According to the old system, run before the recent constitutional referendum, the president of the country had to cut ties with his political party upon taking office and was banned from being affiliated with a political party during his tenure. Erdogan, consequently, left the AKP, which he co-founded in 2001, when he came to power in August 2014.
The approved reforms by the plebiscite, however, allowed him to once again return to his party. Turkish Prime Minister Binali Yildirim, the current chair of the AKP, will leave the chairmanship of the party just before May 21, when the party will elect Erdogan as the new head.
The Turkish leader said he would discuss Ankara's possible military operations against the northern Syrian cities of Manbij and Raqqah with Russian President Vladimir Putin on Wednesday, when Erdogan will pay an official visit to Moscow.
He added that he would also discuss the same issue with his American counterpart Donald Trump in a visit to Washington later this month.
Raqqah, the capital of a province with the same name, has been the de facto capital of the Daesh Takfiri terrorist group in Syria since 2014.
On Monday, it was reported that the so-called Syrian Democratic Forces (SDF) had liberated some 80 percent of Tabqa, a city located some 55 kilometers from Raqqah. The US-backed SDF is largely composed of members of the Syrian Democratic Union Party (PYD), which in turn has the Kurdish People's Protection Units (YPG) as its military wing.
The YPG, Washington's best ally on the ground in its military operations in Syria, is closely related to the Kurdistan Workers' Party (PKK), which is designated as a terrorist group by Ankara. The Turkish government claims that the YPG is the Syrian branch of the PKK, with which Turkey has been fighting a bloody war for the past several months.
The SDF with the US support allegedly plans to capture Raqqah and liberate it from Daesh elements after finishing with Tabqa. Turkey's possible military operations in Raqqah, in this context, could be viewed as a preemptive offensive against the restive city to obtain the credit of curbing Daesh in the area.
Erdogan, angry at Washington over its full support for the SDF forces, said during his Tuesday remarks that he "will not allow Kurdish militant groups to achieve their goals in northern Syria," expressing hope to start a new era in the Arab country.
In August 2016, Turkey began a major military intervention in Syria, sending tanks and warplanes across the border, claiming that its military campaign was aimed at pushing Daesh from Turkey's border with Syria and stopping the advance of Kurdish forces. Damascus denounces the operation as a breach of its sovereignty. In late March, Ankara announced the end of its military operations in Syria but did not rule out the possibility of yet another military intervention in war-torn Syria. Last Tuesday, Erdogan announced that Ankara would continue its operations in Syria and Iraq.

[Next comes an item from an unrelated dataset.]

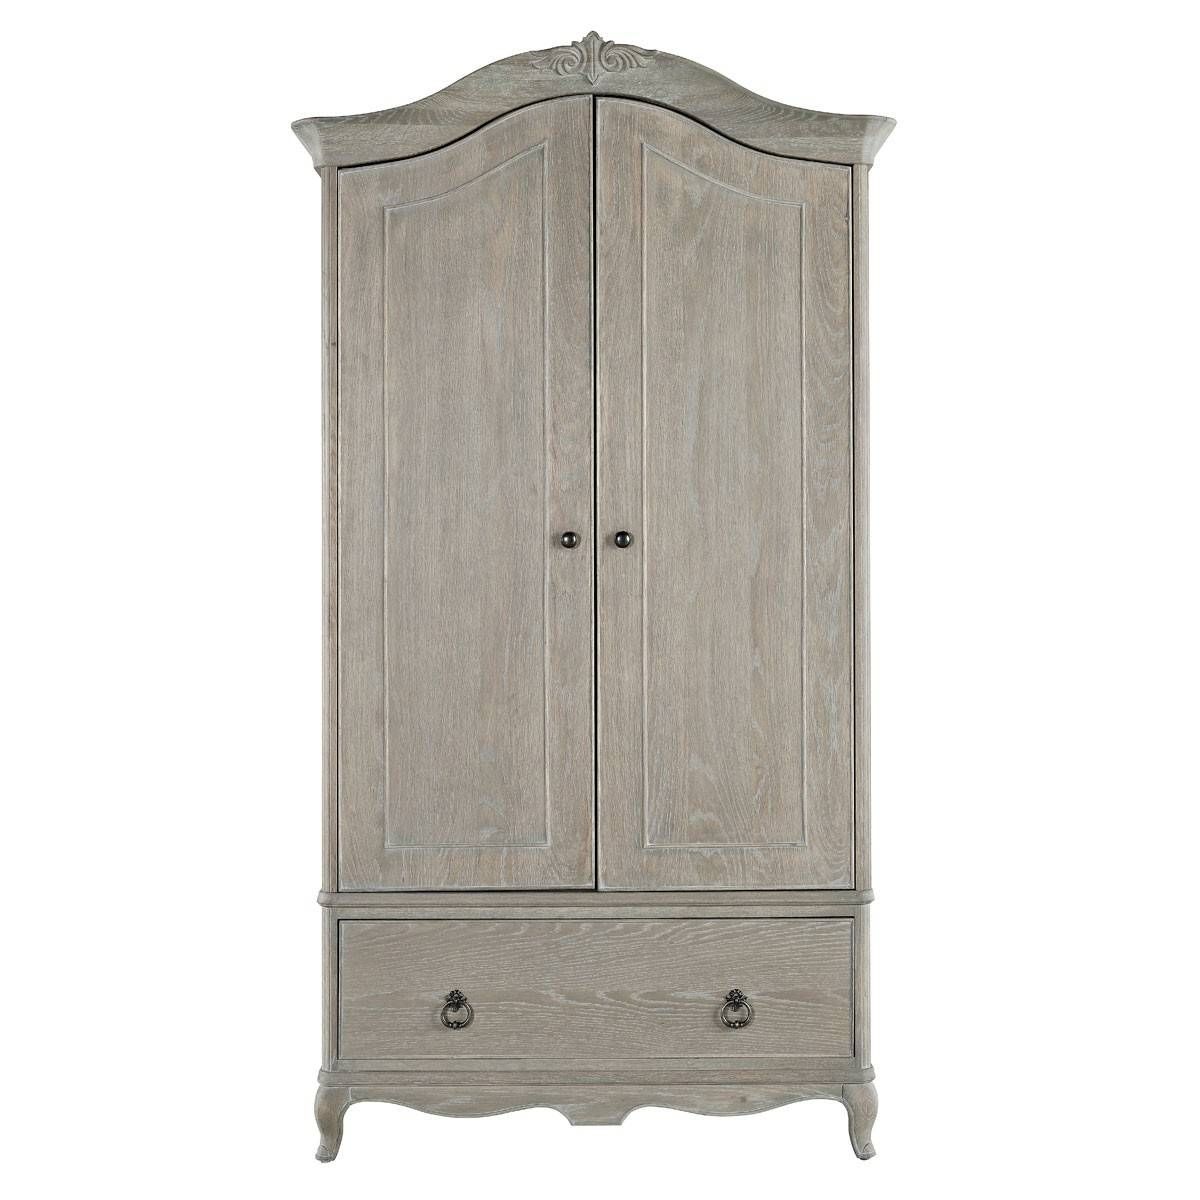 French Style Wardrobes & Armoires – Crown French Furniture With Regard To Black French Style Wardrobes (View 13 of 15)

Strange case of Turkey's EU membership bid
Elsewhere in his remarks, Erdogan warned the European Union that Ankara would walk away from its long-running membership bid if new accession chapters were not opened.
"There is no option other than opening chapters that you have not opened until now. If you open, then great. If you don't open, then goodbye," said Erdogan, referring to EU leaders, adding, "Turkey is not their (the EU's) doorman."
Turkey has been attempting to become part of the EU for decades. Formal EU accession negotiations, however, began in 2005. The process has been mired in problems, mainly democracy and human rights issues, and only 16 chapters of the 35-chapter accession procedure have been opened for Ankara so far.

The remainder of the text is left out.